While the campaign takes great pains to ensure the multi-ethnic, multi-cultural nature of Obama's supporters is publicly shown, to the black folks in Durham he represents a successful black professional who has risen to the highest ranks of power due to his skills and intelligence. There was no affirmative action program that won him his Senate seat, and there was no quota that propelled him to frontrunner status in the Presidential primaries. He got there on his own merits, using an easy wit, a keen intelligence, and running on the very non-radical social values that the growing black middle class prefers. Despite his funny name and Yankee accent, as a candidate he falls well within their comfort zone.
To them, he signifies America's willingness to accept the best and the brightest of the African American community as worthy of leadership of the Free World. A young black man lingering after he departs explains: "He's post-civil rights. The movement was great, and vital, but there is too much of black politics wrapped up in the battles of the past, and not enough about the struggles of the future. Obama represents that future without the baggage of Jesse Jackson or Al Sharpton."
Obama's presence on Parrish Street is a vindication of all of those who not only sat-in and marched, but educated themselves, invested, promoted, sold and saved on Parrish Street. If inequities in wealth are at the root of black poverty, here, in Durham, without government handouts or special programs, wealth was once created by black people, for black people, on their own merits and their own terms. Not only is Obama the Dream realized, but he is the Promise of America fulfilled. His victory is their victory.

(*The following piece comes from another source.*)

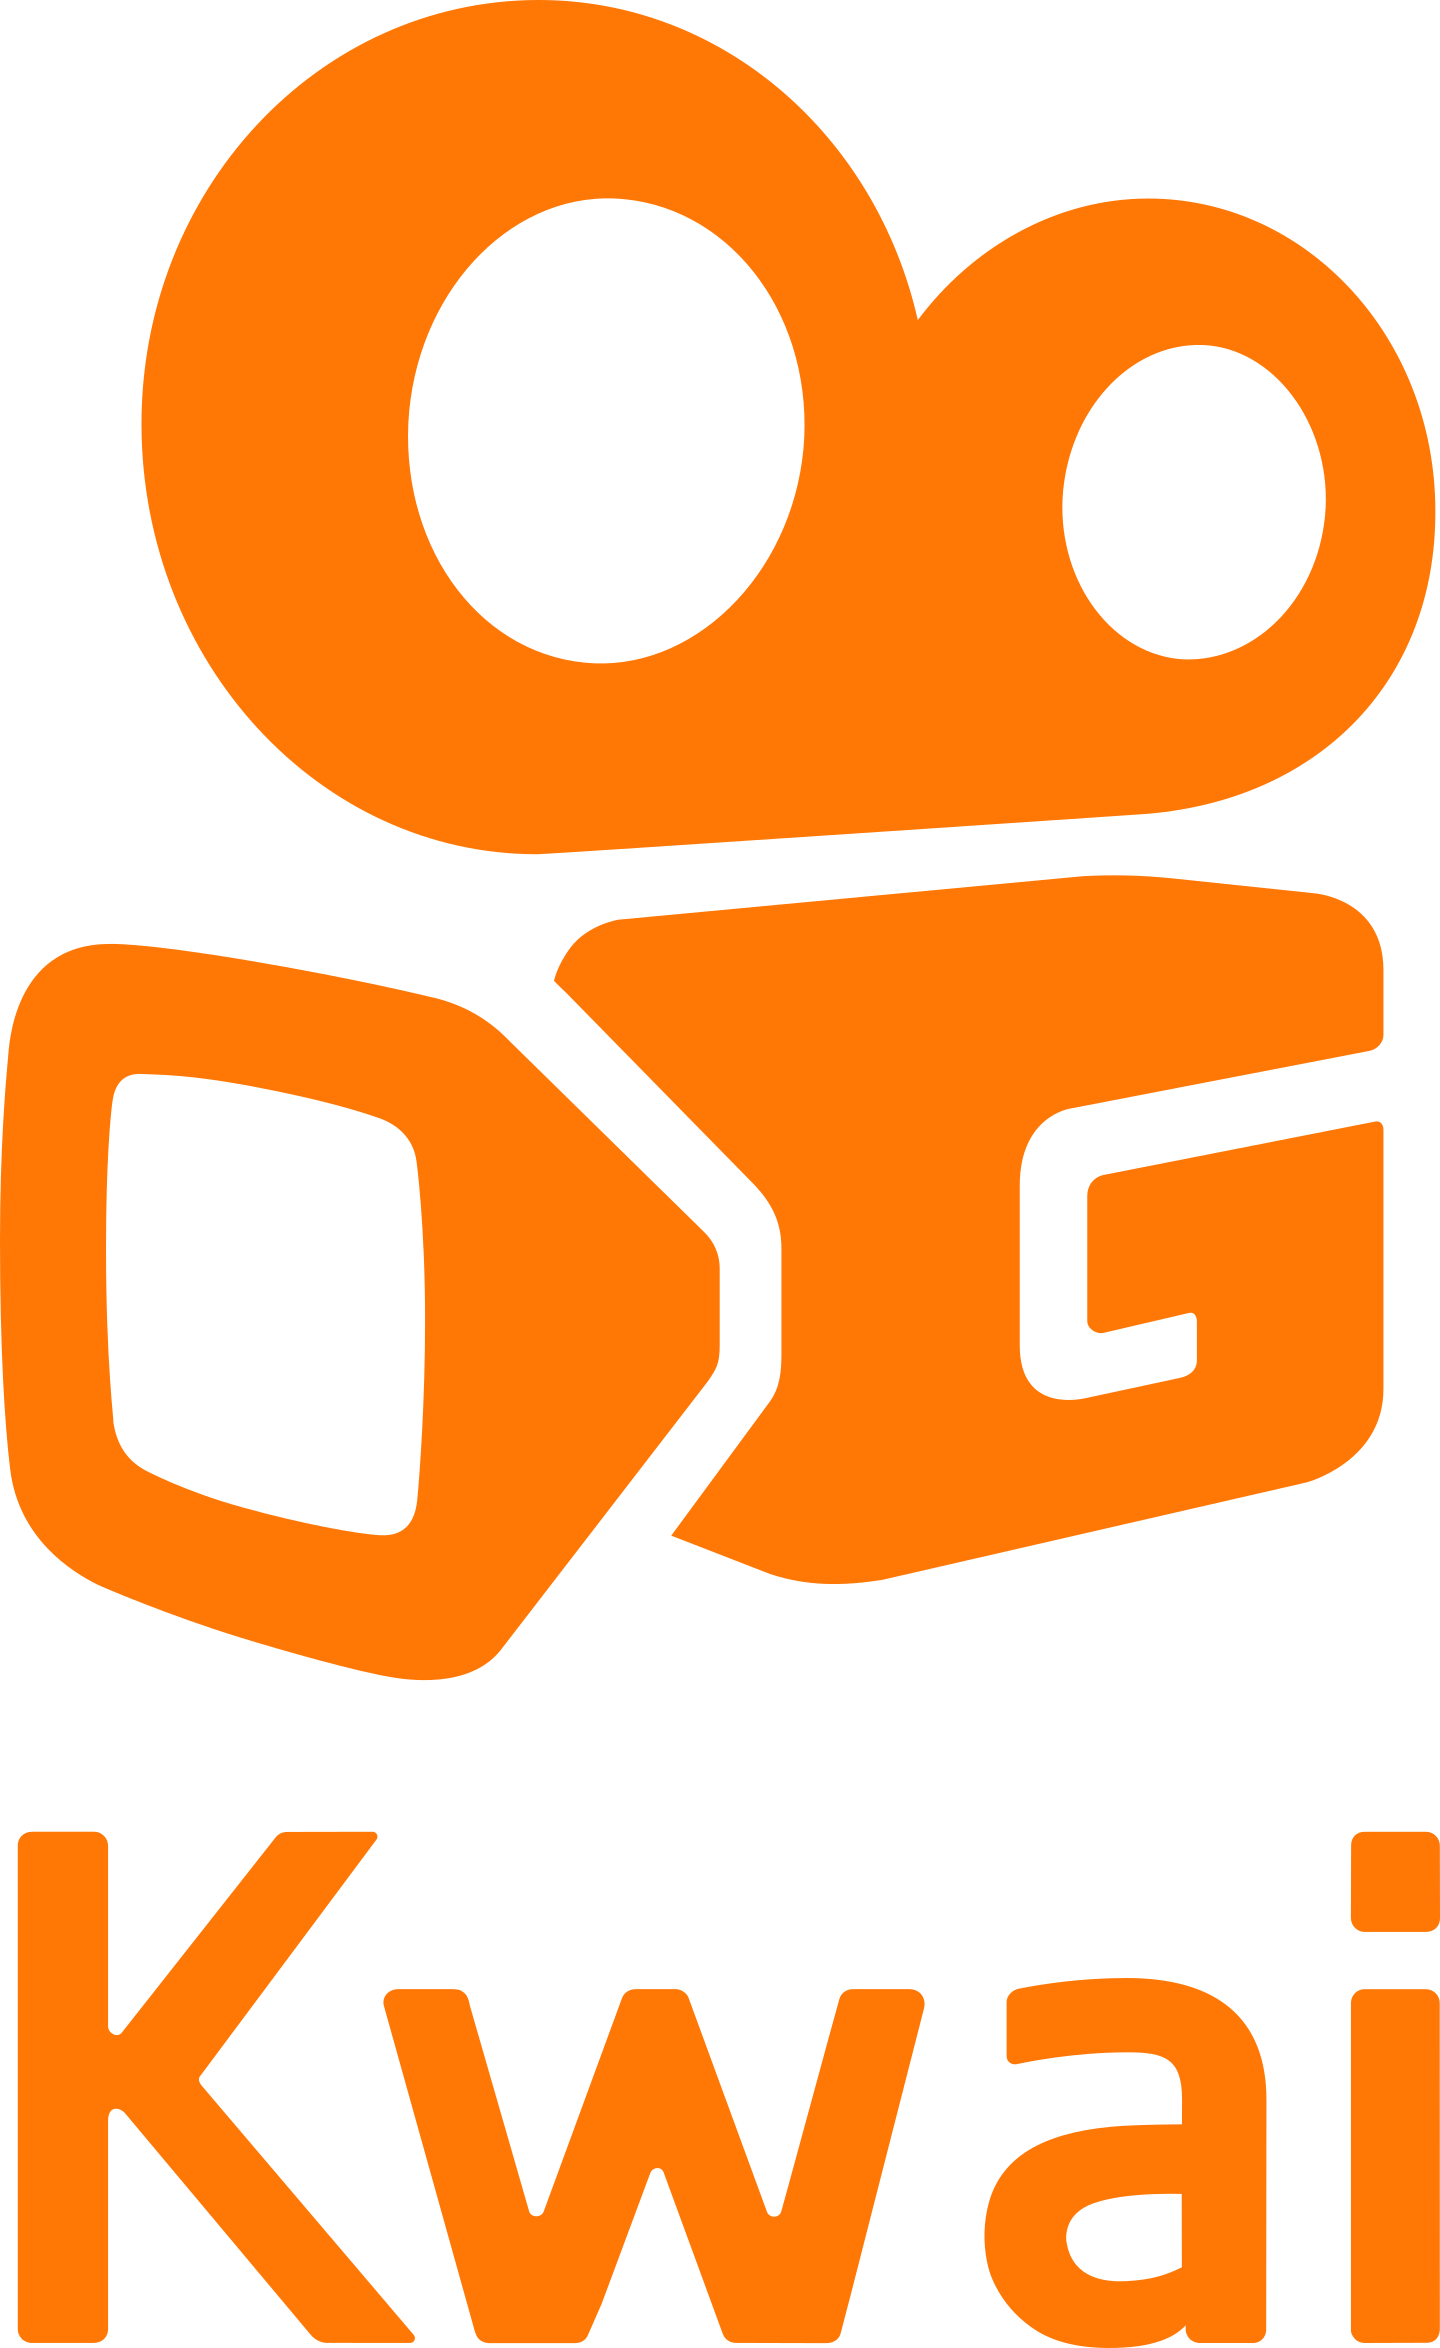 kwai logo 6 - Kwai Logo

A few claim that Hillary Clinton is just as interested in seeing a prosperous black middle class, but after the apparent race-baiting, the Rev. Wright fiasco, and the "code words" Hillary is thought to have used in the Pennsylvania primary, there are very few blacks who vocally support her now. Should she manage to take the Democratic nomination she is unlikely to win the support and turnout among blacks in North Carolina, or elsewhere in the South, effectively conceding the region to McCain. There is some hand-wringing over that, but one young woman sums up the feeling: "She burned that bridge, and then pissed in the ashes. I'll stay home that day. I'll be sad that McCain won, but I'll be sadder that if a man like Obama can't be president in America, no black person can."